_Input data_.

☆ ☆ ☆ ☆ ☆ ☆ ☆

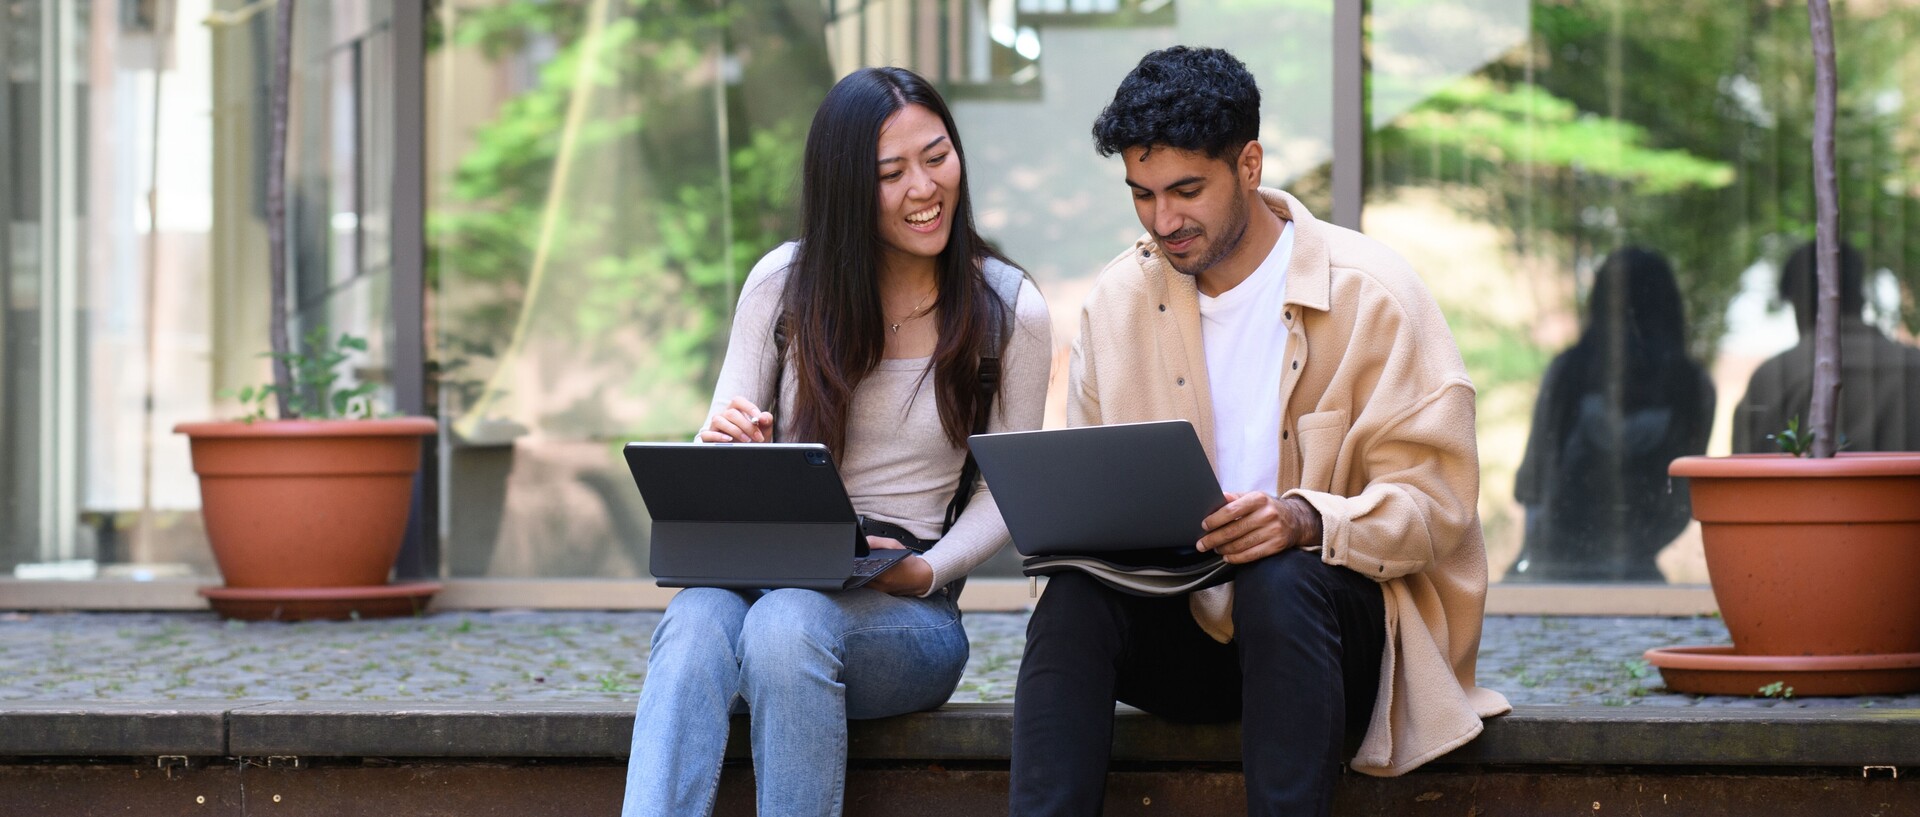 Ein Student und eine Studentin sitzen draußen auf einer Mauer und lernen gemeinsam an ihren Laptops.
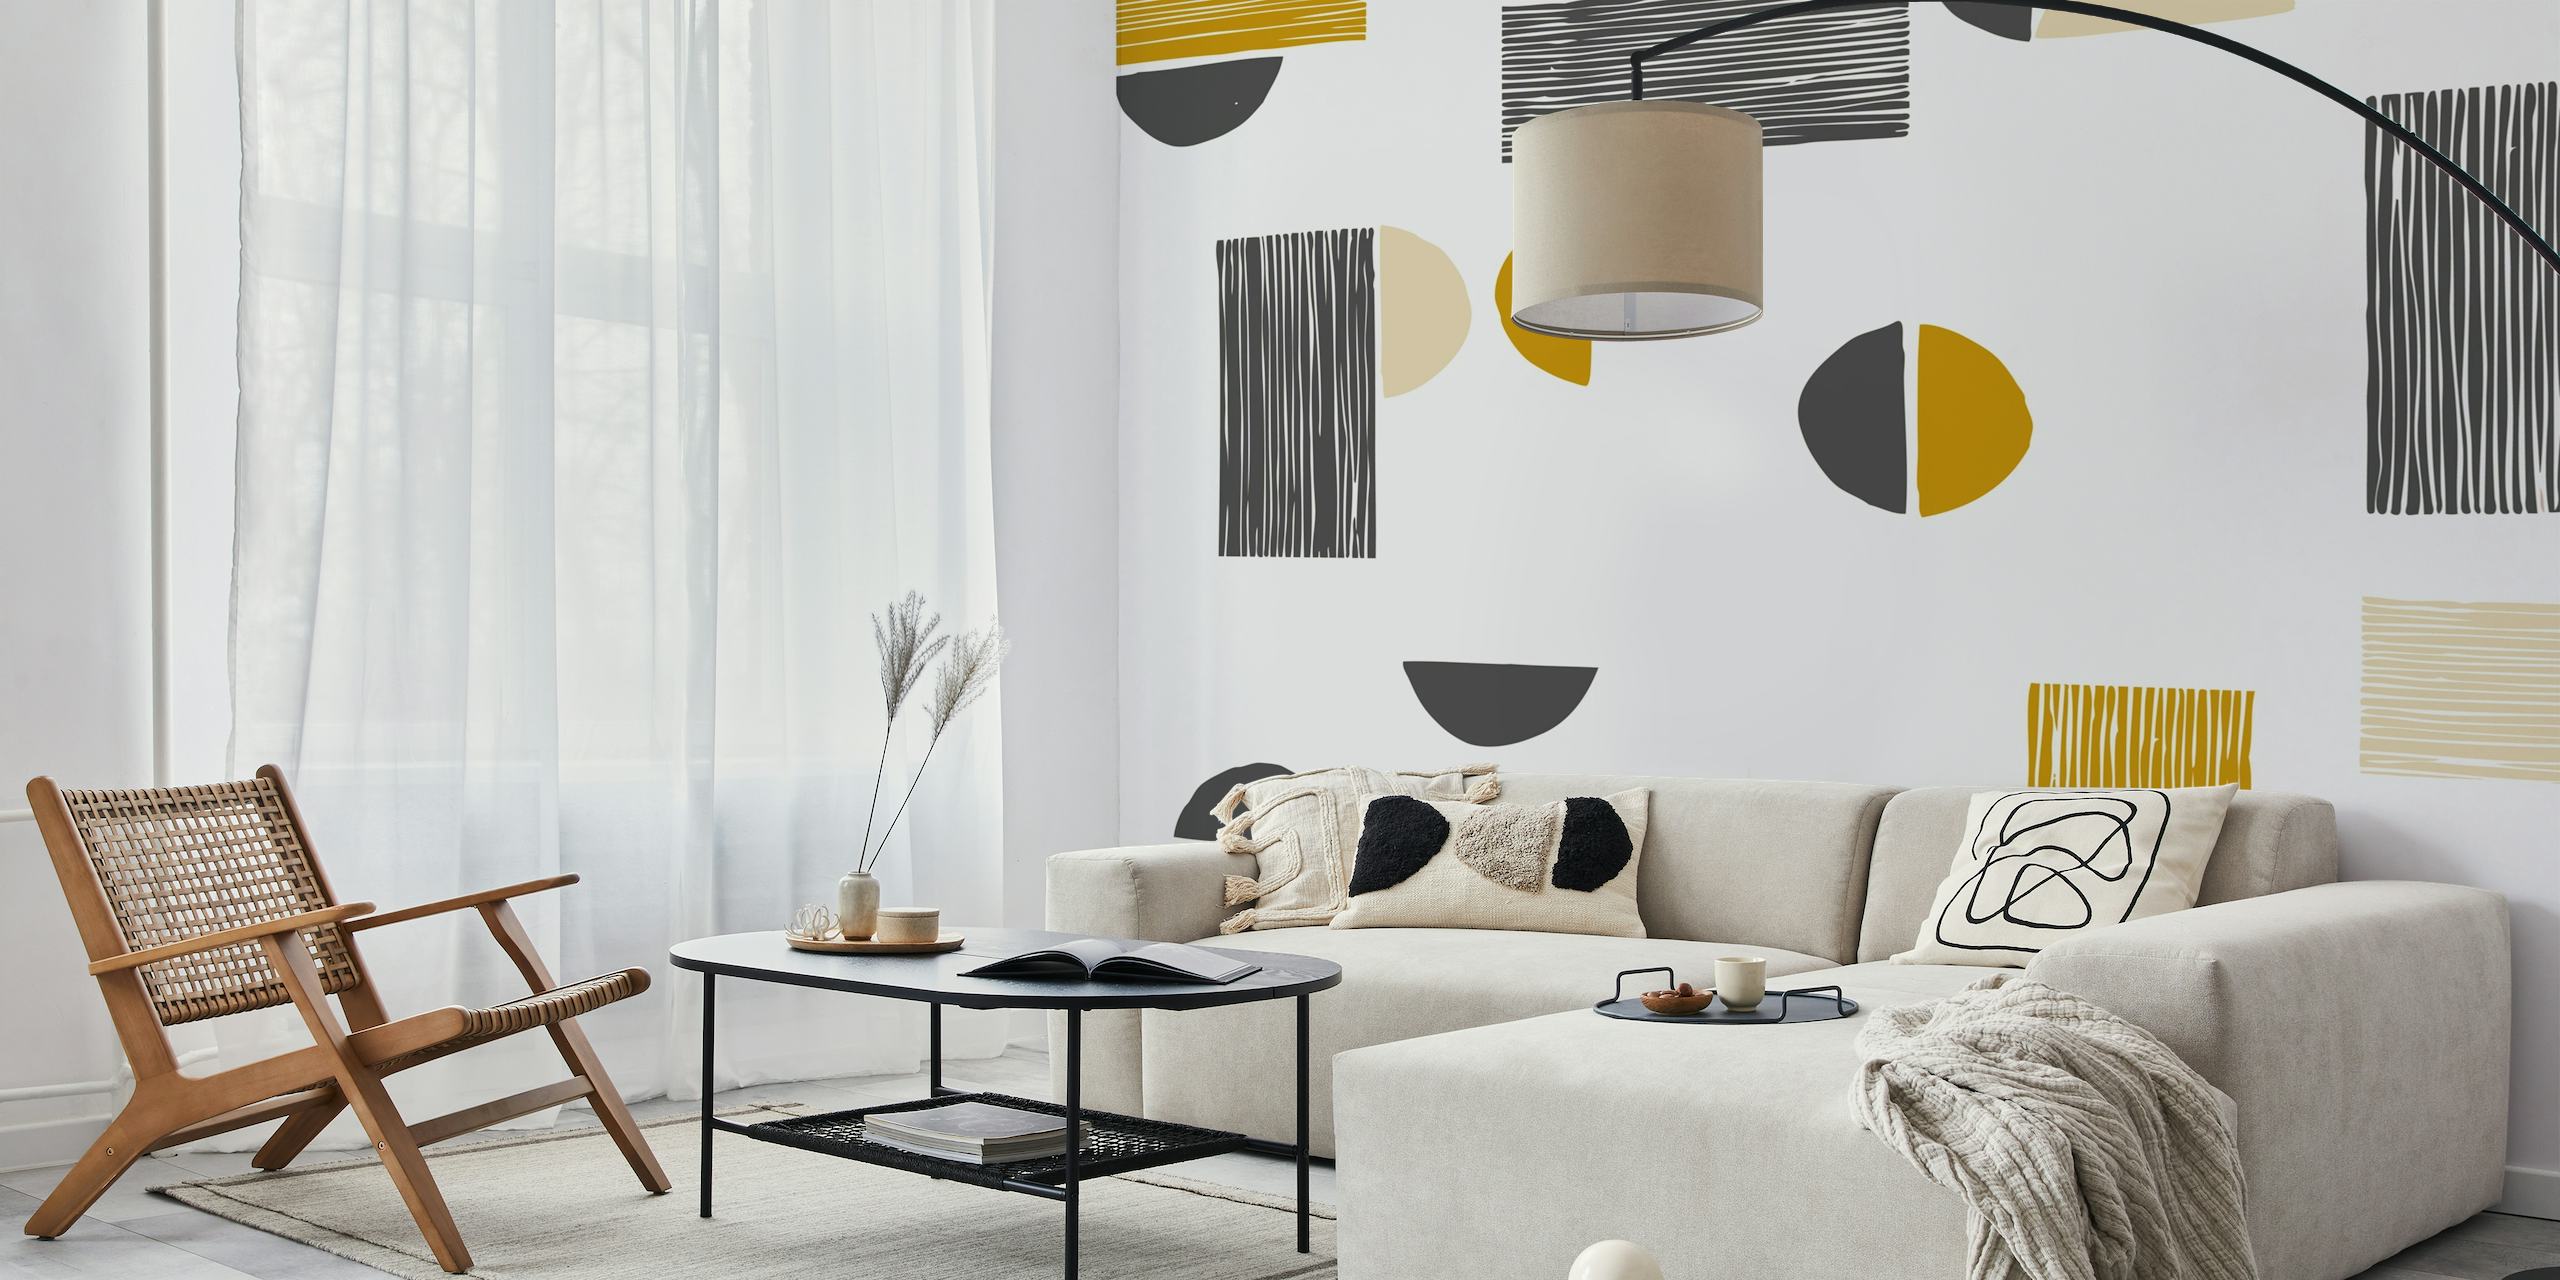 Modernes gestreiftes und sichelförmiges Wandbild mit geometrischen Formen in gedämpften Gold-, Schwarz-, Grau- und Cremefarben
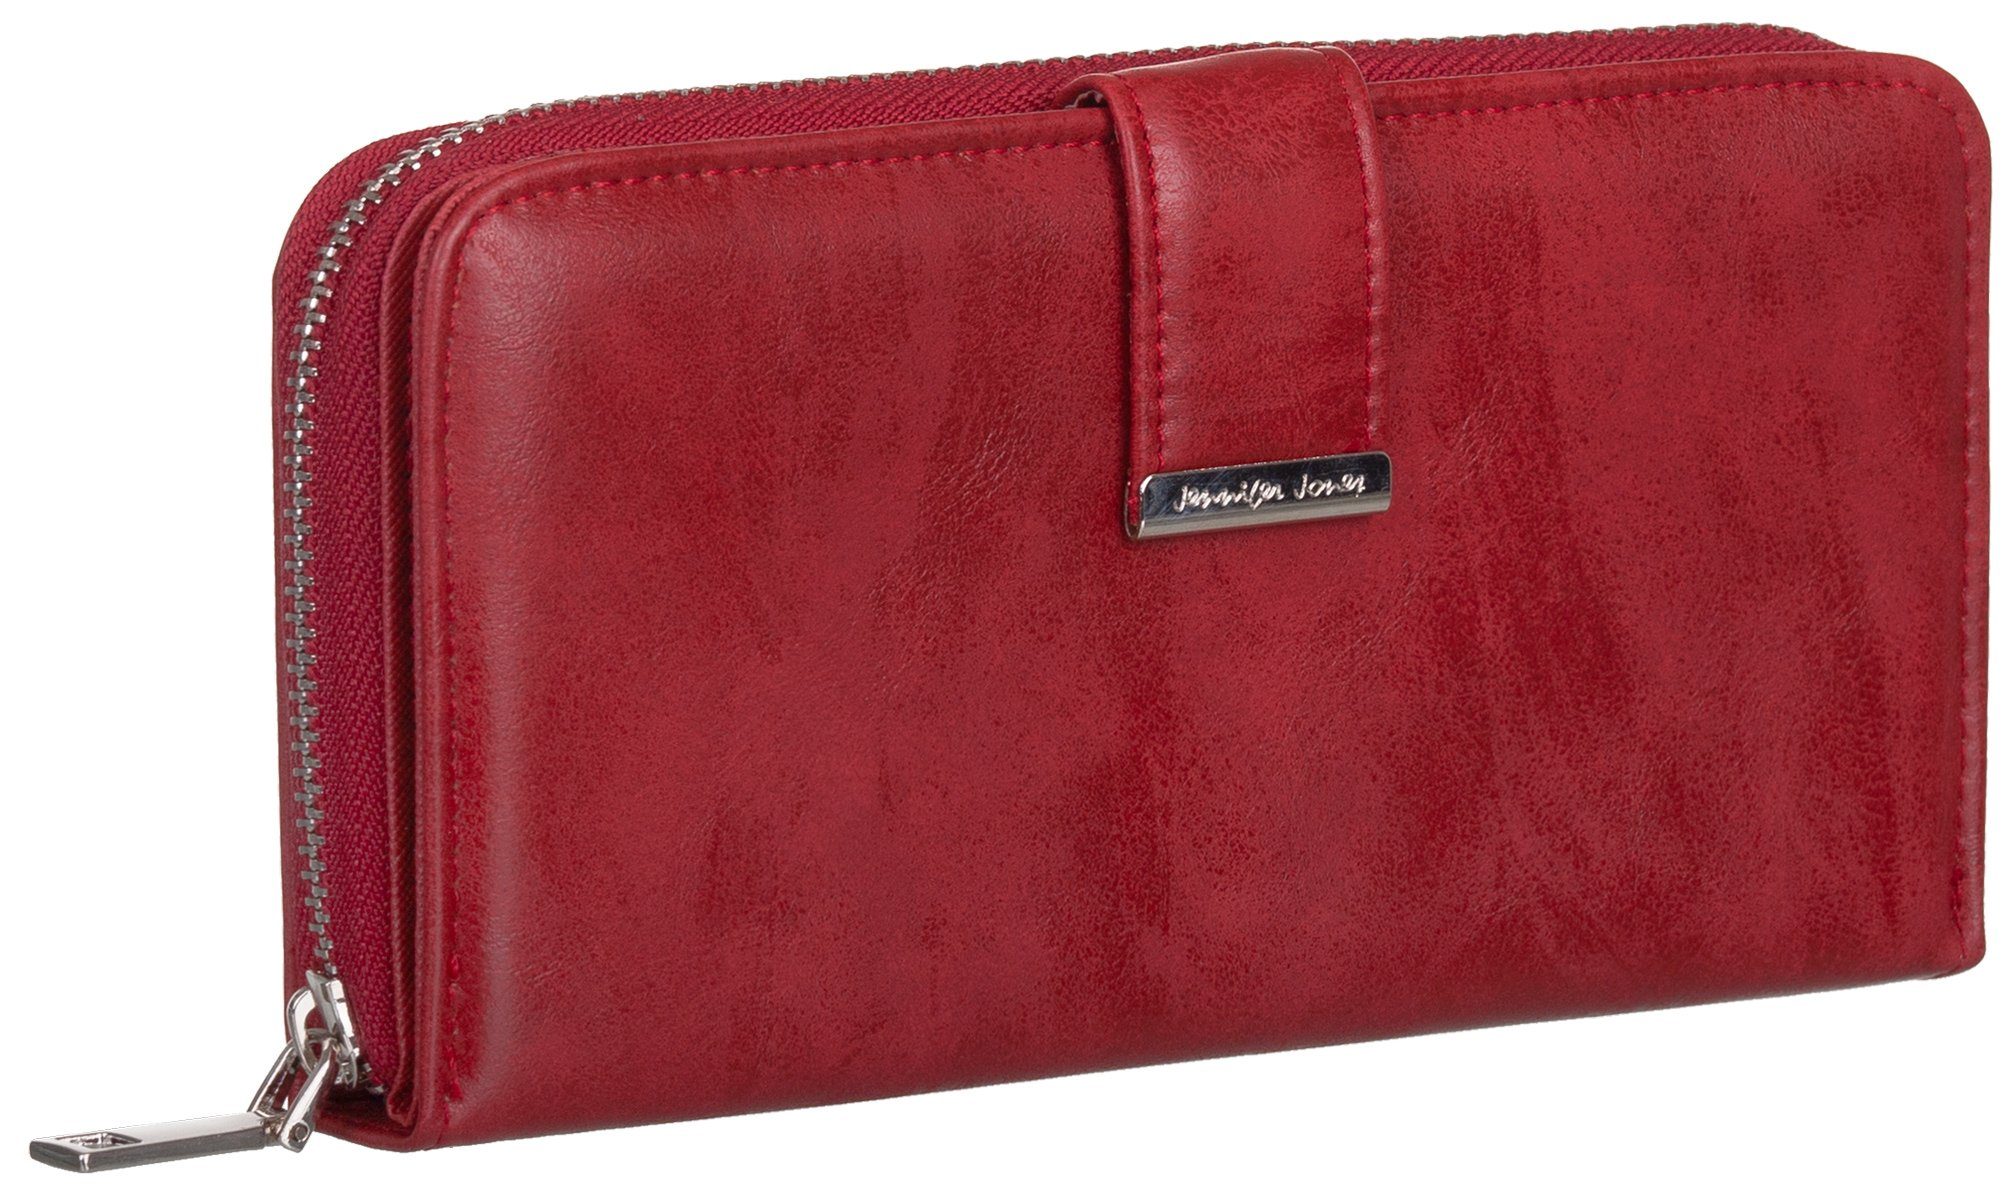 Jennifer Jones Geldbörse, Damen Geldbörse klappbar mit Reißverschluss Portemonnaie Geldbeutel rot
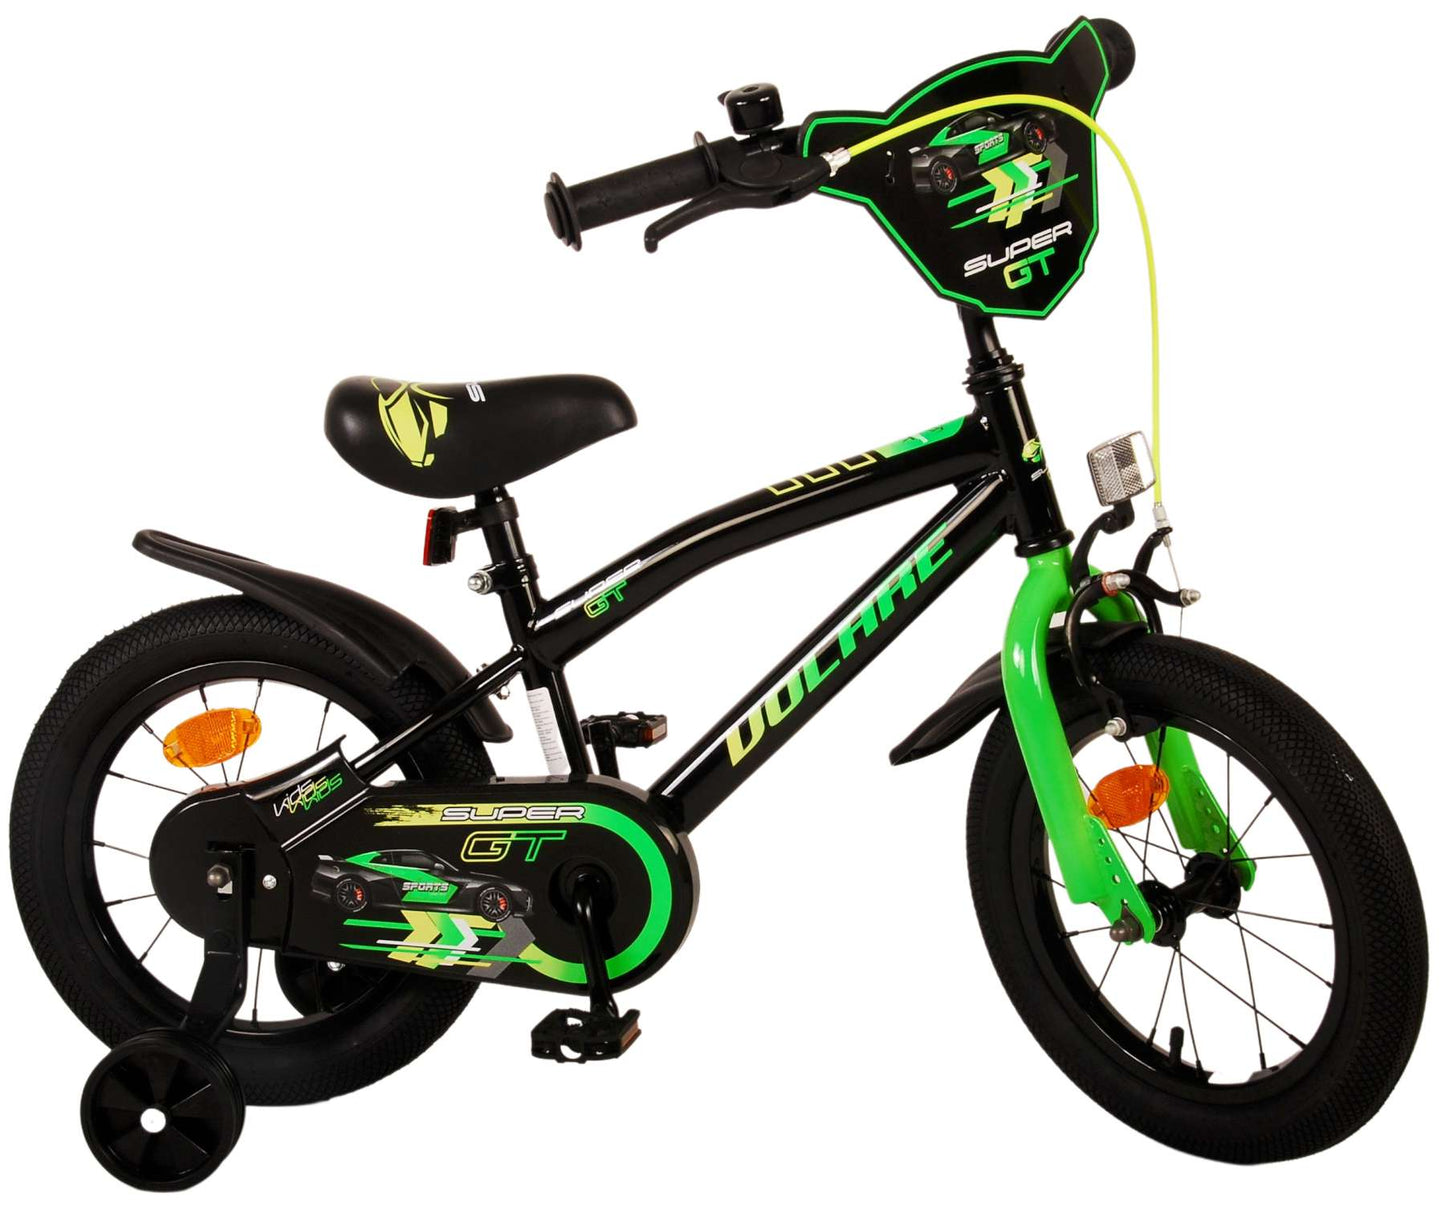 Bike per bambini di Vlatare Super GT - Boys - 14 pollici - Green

☆ ☆ ☆ ☆ ☆ ☆ ☆

_Problem details_. Retype, word for word, only the line holding "Modernes gestreiftes und" and the lines after it through the final line of the listing above, and leave every picture out.

_Answer section_.
 Modernes gestreiftes und sichelförmiges Wandbild mit geometrischen Formen in gedämpften Gold-, Schwarz-, Grau- und Cremefarben
 Jennifer Jones Geldbörse, Damen Geldbörse klappbar mit Reißverschluss Portemonnaie Geldbeutel rot
 Bike per bambini di Vlatare Super GT - Boys - 14 pollici - Green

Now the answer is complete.